The Briggs Law Firm currently represents the group in six other lawsuits against large-scale solar thermal projects, alleging disparate environmental burdens on the low-income and minority communities.

“What we look for is polluters to clean up their mess if they already have power plants on line and, if they want new ones, to provide real offsets to the impacted community, not worthless air pollution credits that only benefit financial speculators and the industry, not the community,” Boyd said.

CARE, represented by a different firm, also has pending lawsuits with the U.S. Court of Appeals for the Ninth Circuit seeking more than $100 billion for ratepayers from the 2001 energy crisis, where “market conditions involving diminished power supplies due to drought conditions, inadequate infrastructure and a flawed power market design contributed to the market manipulation that prolonged and exacerbated the economic harm caused by the crisis,” according to the Federal Energy Regulatory Commission (FERC).

Boyd has filed an individual lawsuit against the California Public Utilities Commission and its members in the U.S. District Court for what he alleges is a failure to pay him for the solar power he produced since 2003 as a Qualified Facility self-certified with the FERC.

“They’re only paying the big utilities like PGE and you don’t have any say,” he said. “That’s a monopoly. My group CARE, here’s our motto: We’re about breaking up the monopoly utility holdings companies.”

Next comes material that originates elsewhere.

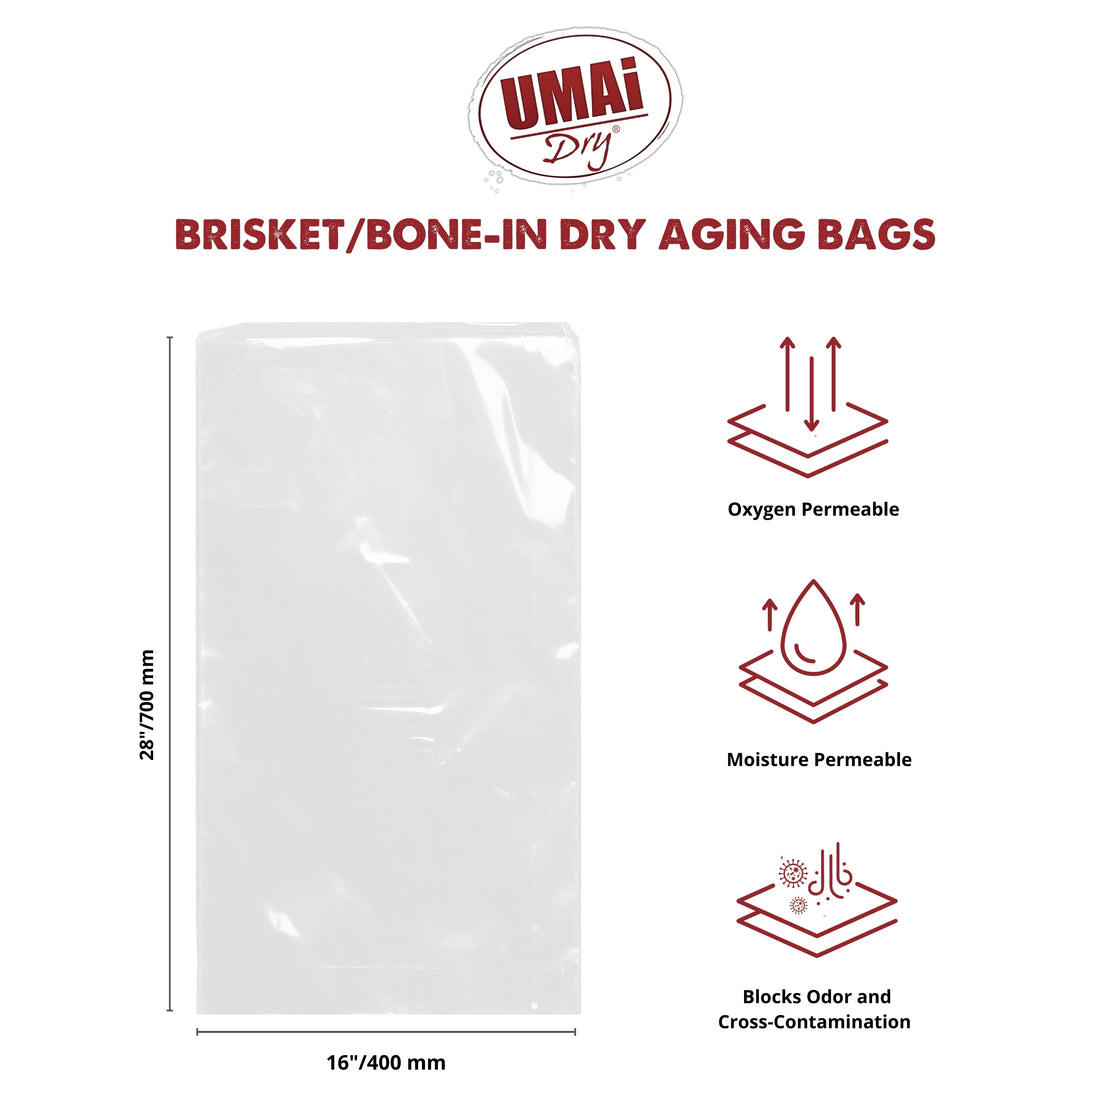 UMAi Dry brisket bone-in dry aged steak bags

Before filing the lawsuit, Boyd submitted complaints to the DOE and spoke with an investigator to try and address the issue, but said they did not address the issue of the jobs going out of the country.

“I’m for renewable energy. My home is solar powered. I have one-and-a-half days of backup power,” Boyd said. “My problem is giving companies like Enron the ability to get this green front, pretending that they’re doing something for the environment when they are destroying it and then they’re using our tax money to pay for the destruction — not only of the environment, but the economy.”

Many of the projects are not viable and will not last due to “spinning parts,” Boyd added. “It requires so much maintenance. They never did them on the scale they’re proposing to do,” he said. “Show me one of the solar thermal projects that have been around for 10 years.”

“Giving power back to the people, that’s what we’re all about,” Boyd said. “That’s why we’re suing the Treasury, because they’re giving money to these thieves, instead of to the people, for projects that will likely never be built.”

Except for a state court of appeals decision in 2003, Boyd and the group have not won any of the lawsuits. Boyd remains optimistic, however, saying that none of the cases have been thrown out — an indication that they haven’t lost.

“The state thinks they’re above the law. They think they can pick and choose the winners and losers,” he said. “That’s the fundamental problem here. When they give stimulus (funds) to the wrong people, it creates perverse incentives for renewable growth.”

The Department of Energy did not return calls for comment as of press time.